*SOURCE MATERIAL:*
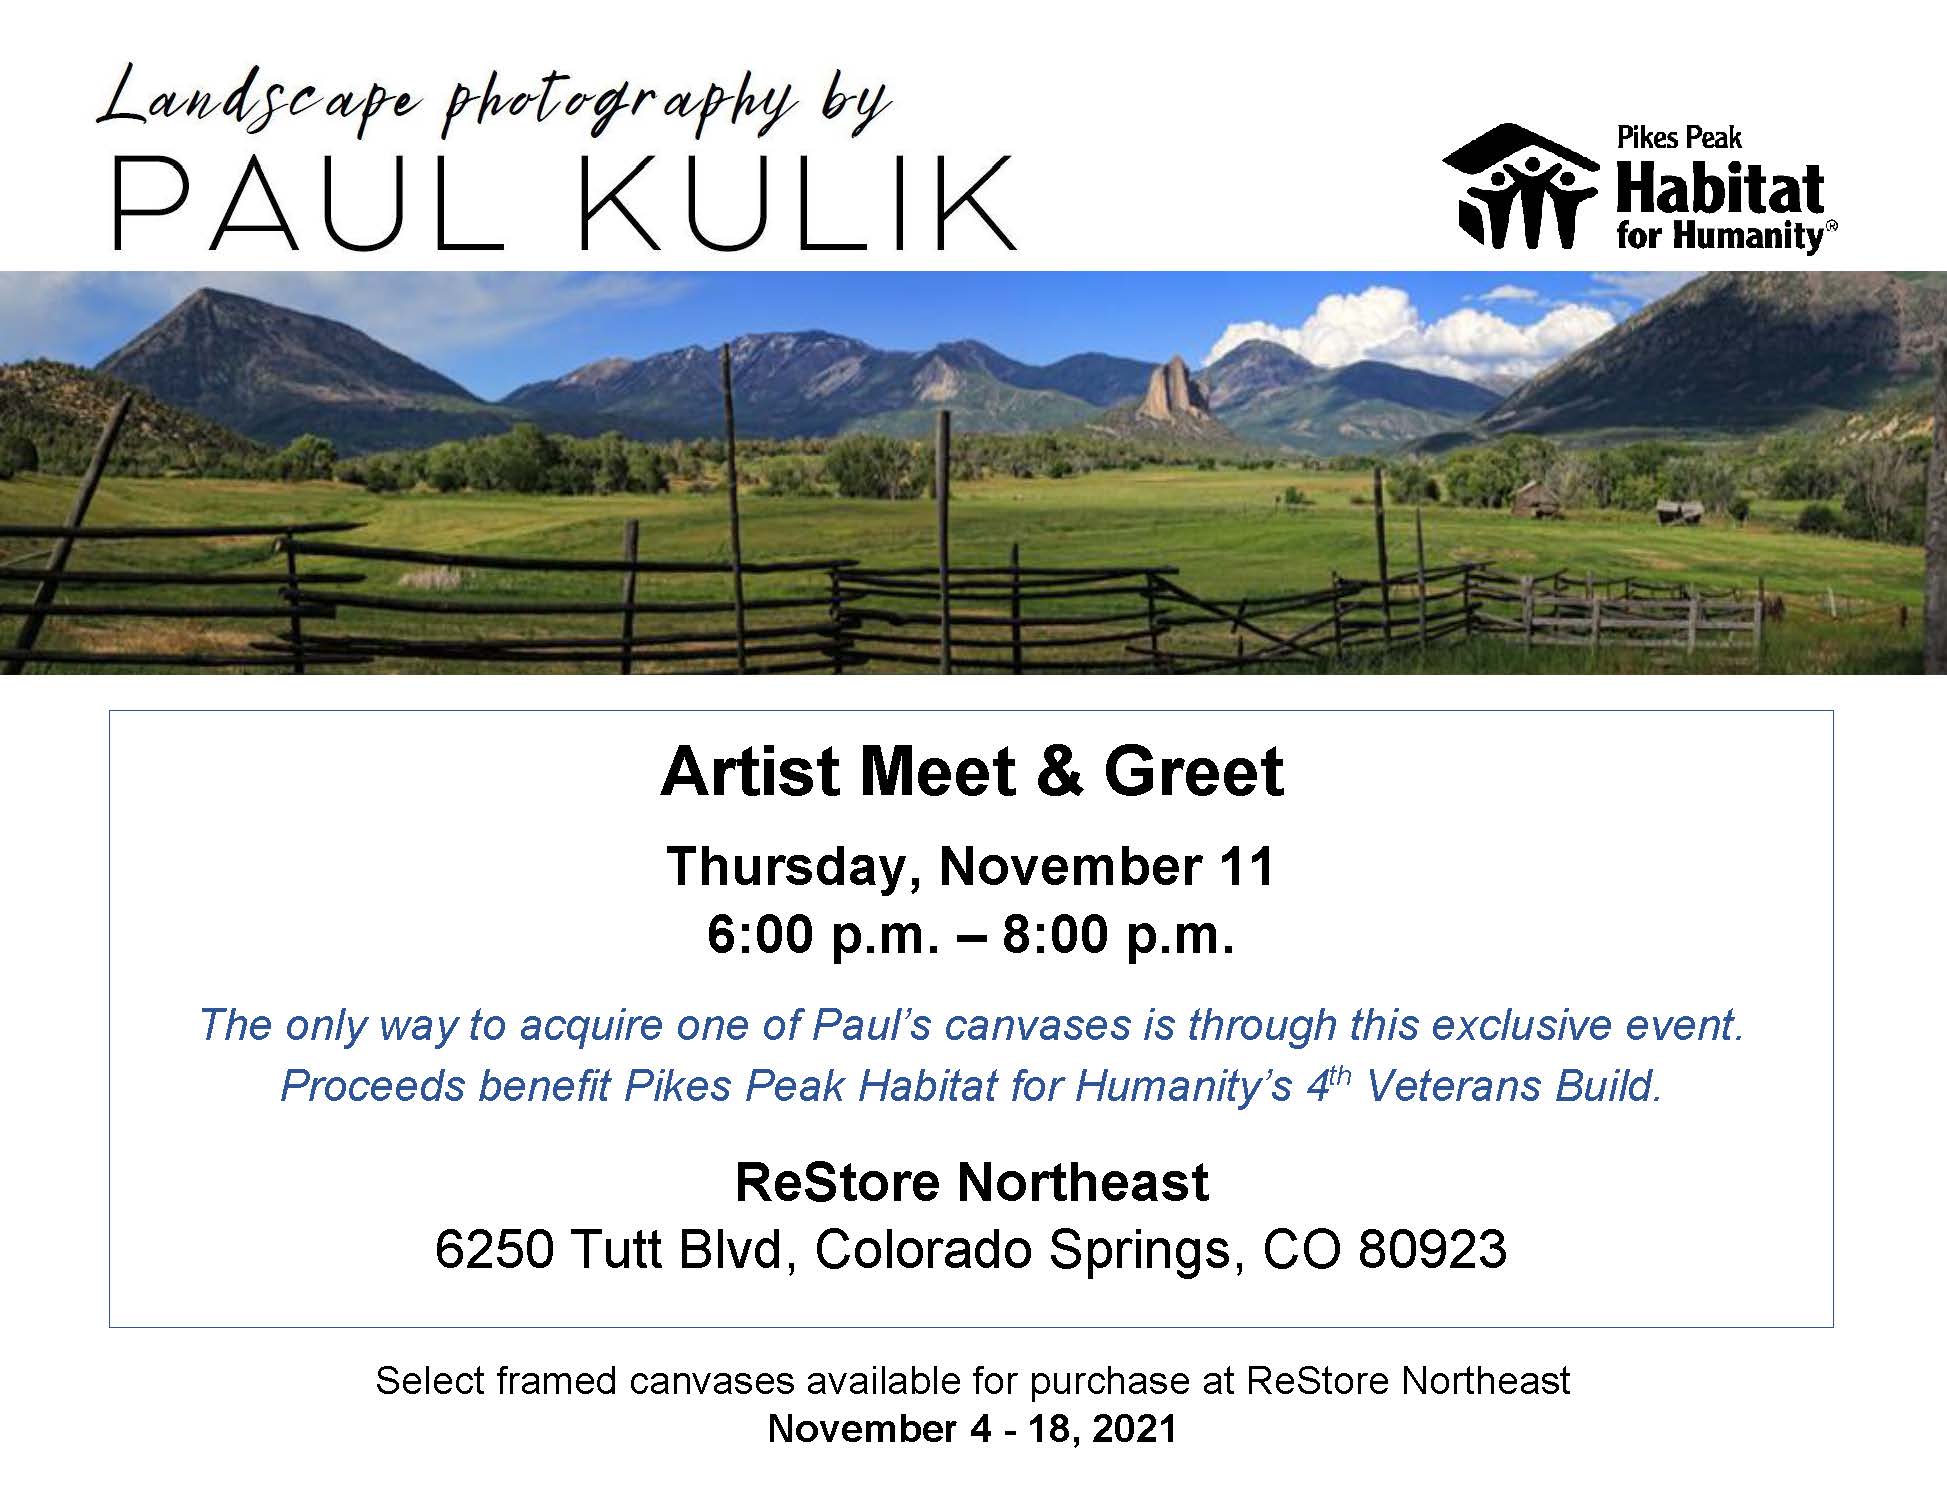 Paul Kulik photo announcement
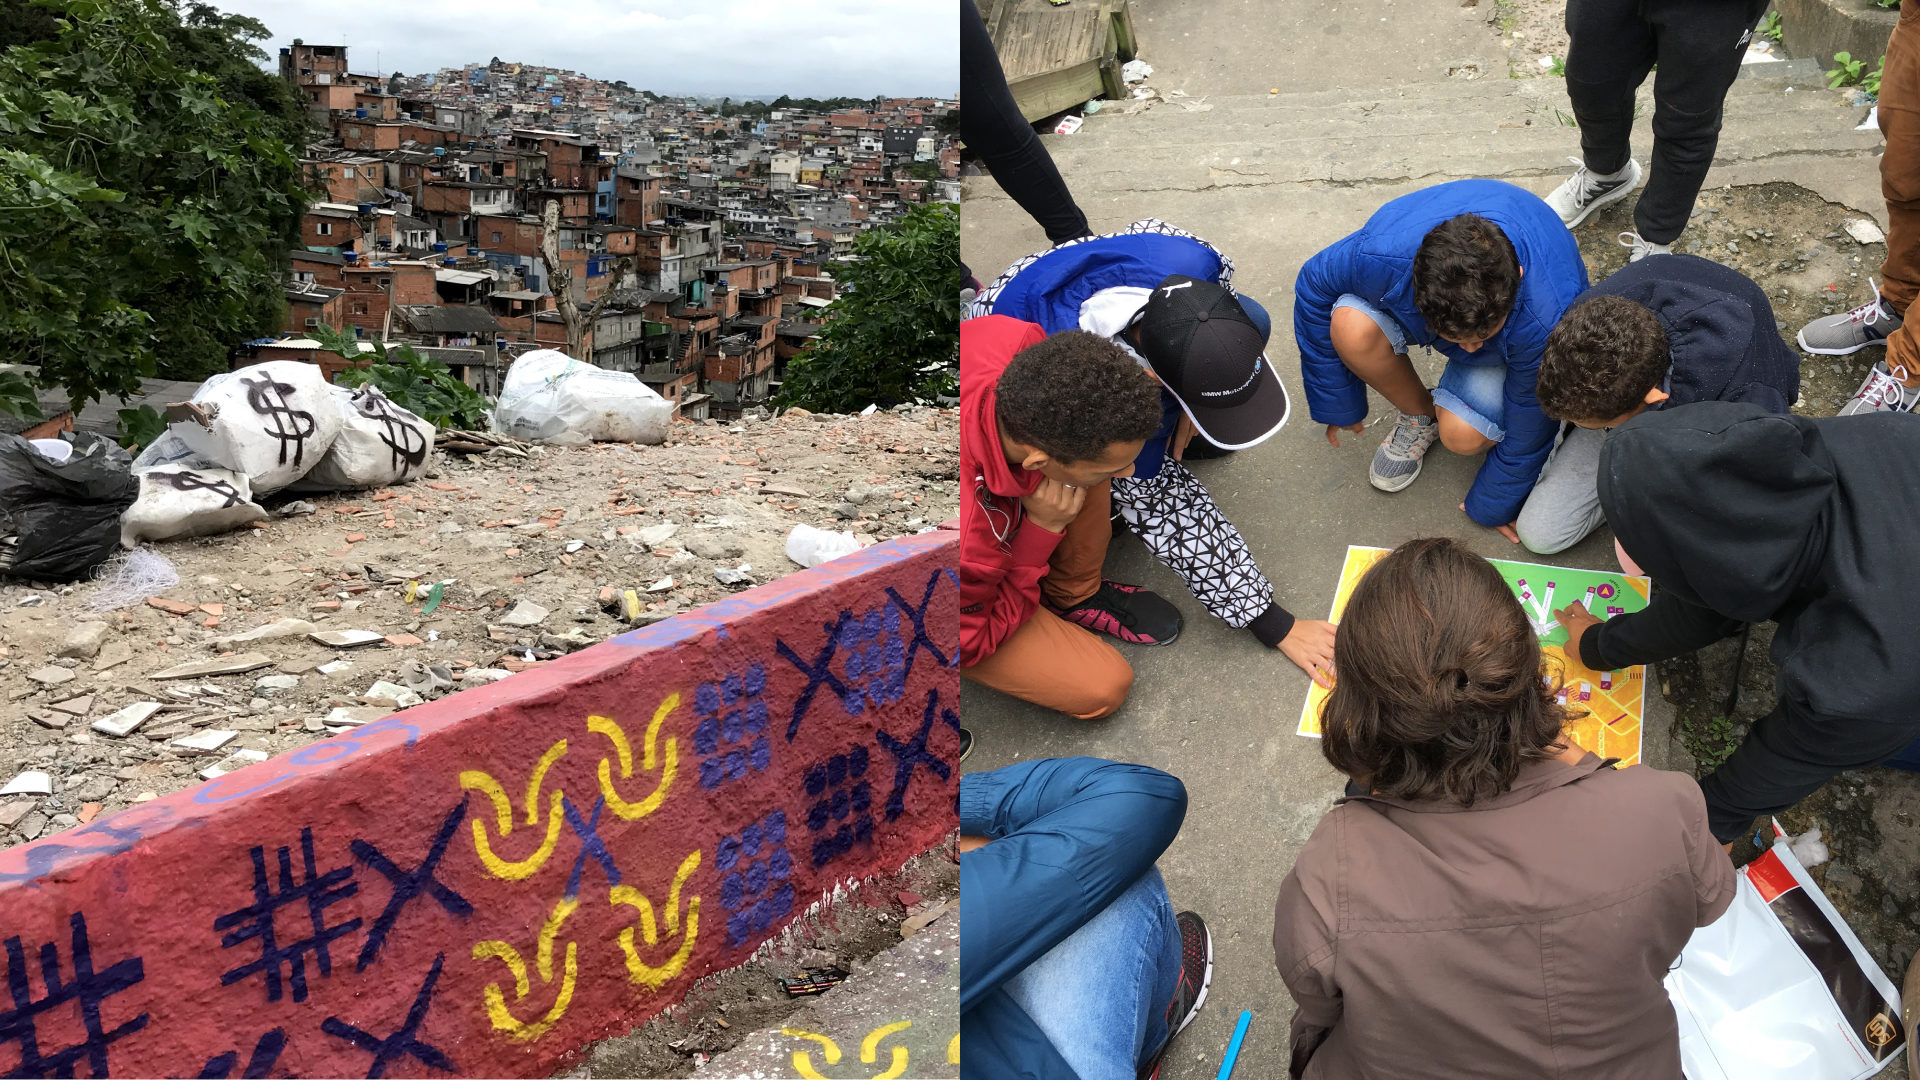 Padrões criados para a identidade visual do projeto feitos com spray e stencil pelas crianças do bairro. Na imagem ao lado crianças identificam pontos de interesse no mapa do bairro.
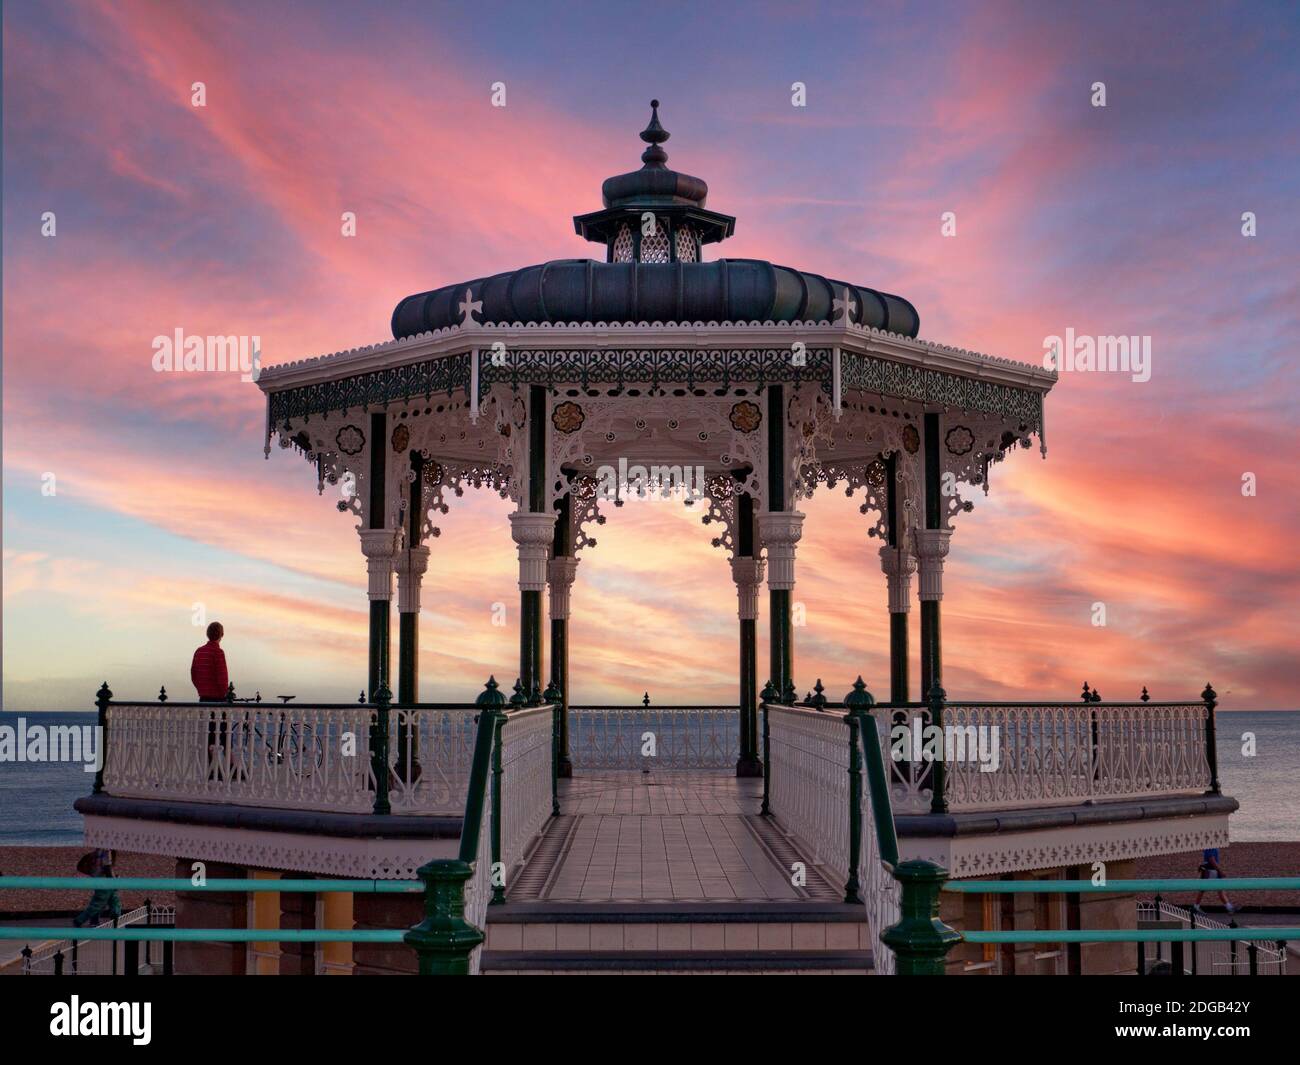 BRIGHTON Victorian Bandstand en el paseo marítimo a una puesta de sol roja Con una figura solitaria disfrutando de la vista panorámica del paisaje marino Brighton Sussex Reino Unido Foto de stock
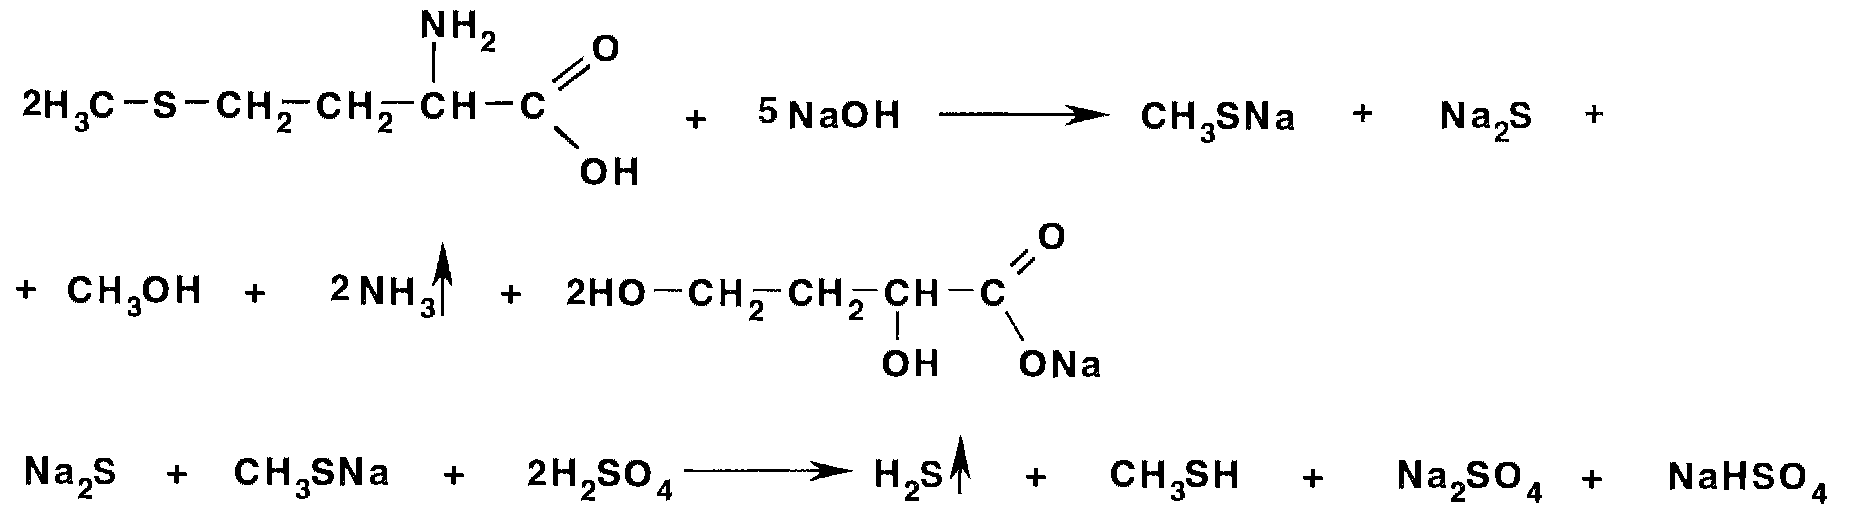 Глицин реагирует с гидроксидом натрия. Метионин и гидроксид натрия реакция. Цистеин с нитропруссидом натрия реакция. Схемы реакций глицина с гидроксидом натрия. Ацетилцистеин натрия нитропруссид аммиак.

*WORK ITEM:*
Exact copy, pictures omitted: every line from the one holding "Padrões criados para" through the last line of the data above, and nothing else.

*RESPONSE BELOW:*
 Padrões criados para a identidade visual do projeto feitos com spray e stencil pelas crianças do bairro. Na imagem ao lado crianças identificam pontos de interesse no mapa do bairro.
 BRIGHTON Victorian Bandstand en el paseo marítimo a una puesta de sol roja Con una figura solitaria disfrutando de la vista panorámica del paisaje marino Brighton Sussex Reino Unido Foto de stock
 Глицин реагирует с гидроксидом натрия. Метионин и гидроксид натрия реакция. Цистеин с нитропруссидом натрия реакция. Схемы реакций глицина с гидроксидом натрия. Ацетилцистеин натрия нитропруссид аммиак.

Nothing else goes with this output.